A possible role of GBA in the neurodegenerative process underlying ALS is suggested by increasing evidence of the involvement of endolysosomal dysfunction in ALS pathogenesis. Several genes causing ALS and FTD, including C9orf72, TBK1, OPTN, SQSTM1 and VCP, are related to lysosomal function and protein degradation. This research field deserves further attention as several therapeutic agents targeting lysosomal pathways have been proposed for neurological diseases.5 Our results expand the spectrum of neurodegenerative diseases for which heterozygous GBA variants represent a detrimental factor. It is possible that such variants are kept in populations because they provide some biological advantage.

As a limitation of our study, we acknowledge that we could not evaluate whether different variants had a variable impact on the risk of cognitive impairment, on the pattern of cognitive deficits and on other clinical characteristics, mostly due to the relatively small number of GBA variant carriers (online supplemental tables 5 and 6).
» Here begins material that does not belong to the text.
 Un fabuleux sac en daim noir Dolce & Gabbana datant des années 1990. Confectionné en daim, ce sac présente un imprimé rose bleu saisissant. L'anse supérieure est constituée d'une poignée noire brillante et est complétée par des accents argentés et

In conclusion, we found that variants of the GBA gene are associated with an increased risk of cognitive impairment in patients with ALS. Our results broaden the spectrum of genetic factors that modulate the vulnerability of patients with ALS to cognitive dysfunction and strengthen the role of lysosomal impairment in the neurodegenerative process underlying ALS, highlighting that genes can modify not only the risk of ALS but also modulate different aspects of its phenotype. Addressing the gap in our understanding of the role that genetic modifiers play in ALS is essential for diagnosis, prognosis, and therapy development.